Introducing Application Templates for CDAP

cdapio
cdapio
Published in
3 min readApr 19, 2019

May 7, 2015

Albert Shau is a software engineer at Cask, where he is working to simplify data application development. Prior to Cask, he developed recommendation systems at Yahoo! and search systems at Box.

Application Templates are the major new feature added in CDAP 3.0. In this blog post we will introduce what they are, and the problems they solve.

While building applications, we noticed that CDAP users would sometimes end up deploying multiple applications that all solved the same type of problem. Their code was mostly the same; it was their configuration that differed. They might read from different data sources and write to different destinations, but they were all solving the same type of use case. Rather than deploying multiple copies of similar code, we wanted to be able to deploy code once, then push a different configuration for each new use case. This is why we introduced Application Templates in CDAP 3.0. An Application Template is application code that is reusable through configuration. It lets you support new use cases by pushing configuration instead of pushing code.

Let’s walk through an example to get a better idea of what this looks like. Suppose we want to write an application that reads news feeds, analyzes articles, and attaches a category (sports, finance, etc.) to each article. We decide to write a Worker program to do this:

The Worker periodically polls a news feed as input, analyzes and categorizes each article, then writes the article category to a table. Our Worker also supports some configuration options, such as which news feed to read, which analyzers to use, and which categorization algorithm to use. We identify ten news feeds we want to process and want to create one Worker for each feed. Depending on the input feed, we want to adjust the analyzers and categorizer settings to achieve the most accurate results. Prior to CDAP 3.0, we would have had to deploy an Application for each feed. With Application Templates, we can deploy the code once, and then supply ten different configurations to create ten Adapters. An Adapter is an instantiation of an Application Template created through configuration.

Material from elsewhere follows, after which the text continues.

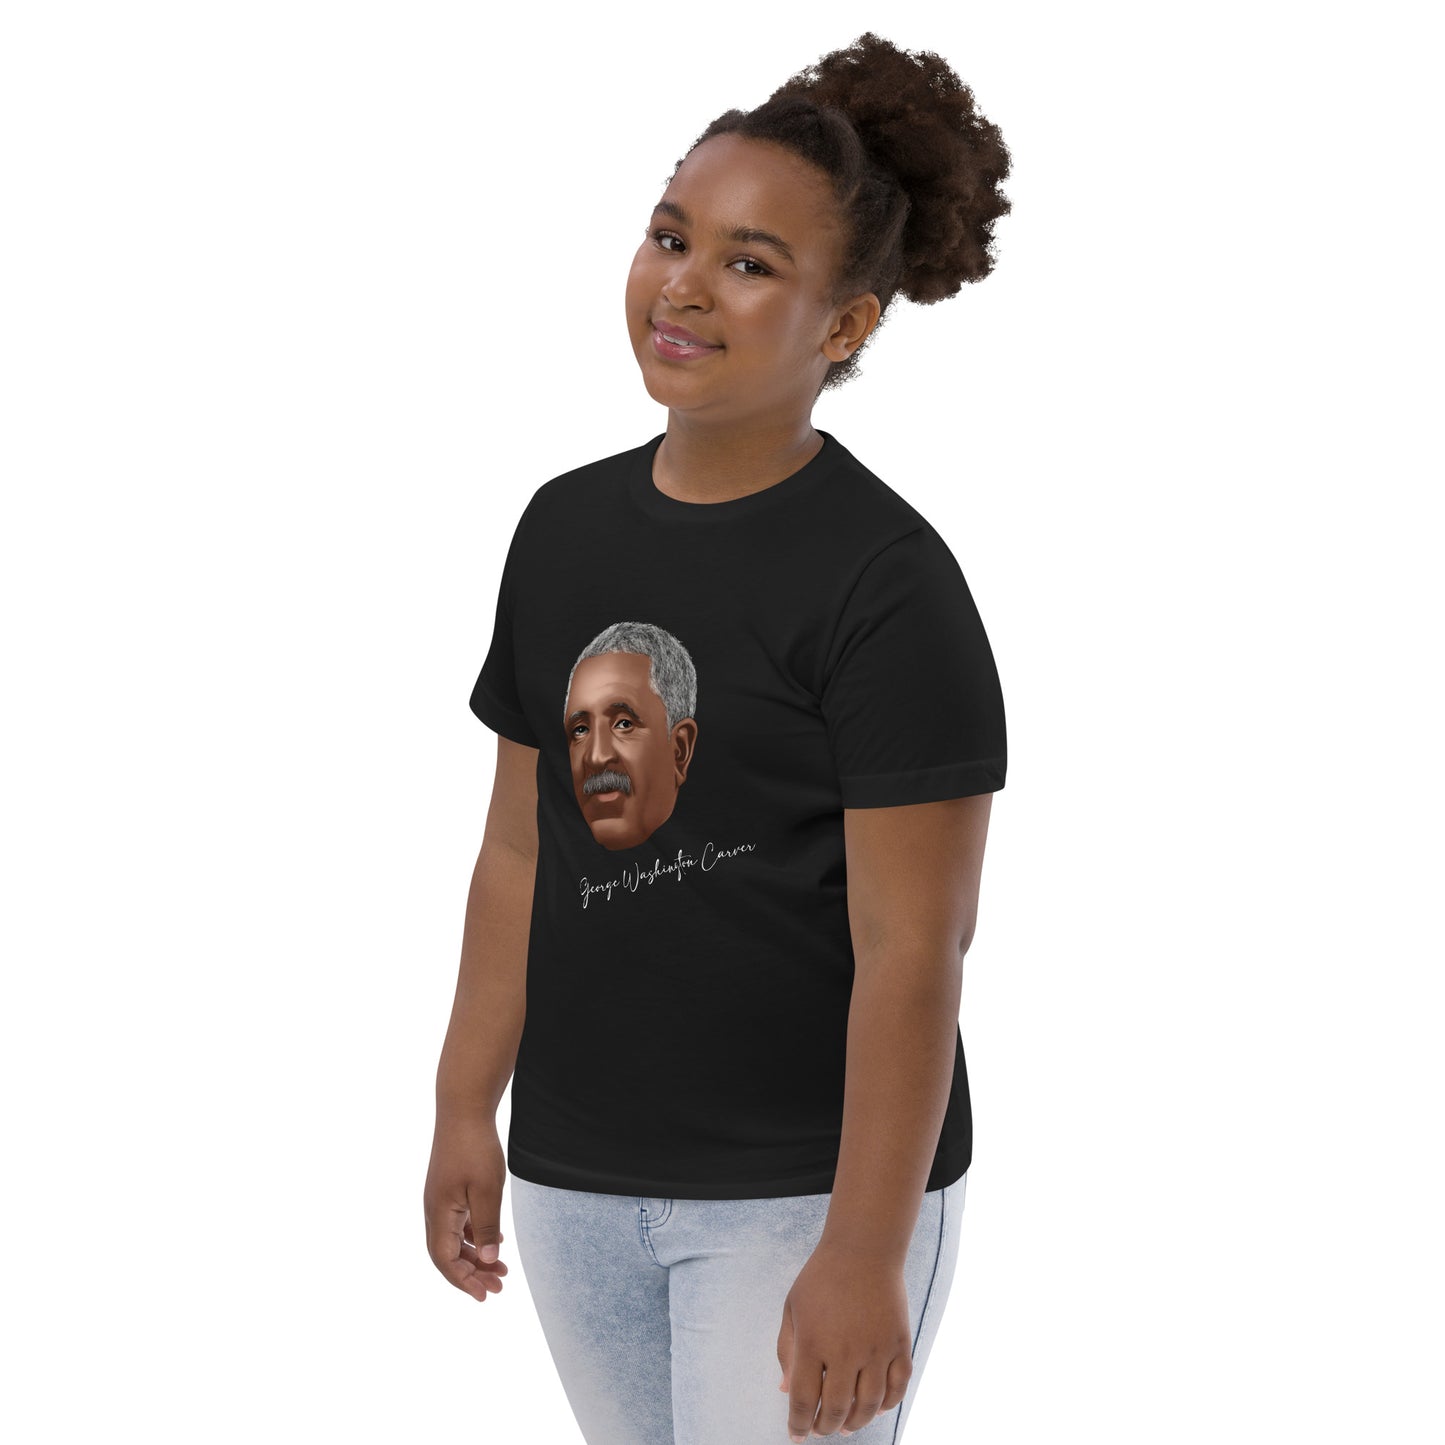 George Washington Carver Youth jersey t-shirt

Application Templates are also extensible through plugins. A plugin is an extension of a template that implements an interface expected by the template. Suppose our Application Template defines a pluggable “categorizer” interface. We then implement “svm”, “naive bayes”, and “decision tree” categorizers. The implementation used by an Adapter can then be determined according to its configuration.

Plugin code is deployed separately from the Application Template instead of bundled with it. This means you can update your plugins and add new plugins without updating your Application Template. If we implement a fourth categorizer, we can deploy the plugin as its own entity without touching the template code. In this way, the plugin framework allows easy extension of Application Templates. It lets you divide your code into modular, functional pieces that can be developed, managed, and deployed separately.

Included in the CDAP 3.0 release are ETL (Extract, Transform, Load) Application Templates that let you easily ingest data into CDAP without writing any code. We will describe them in more detail in a follow up blog post. Application Templates are still a new feature with a lot more room to grow. Try them out and let us know what you think!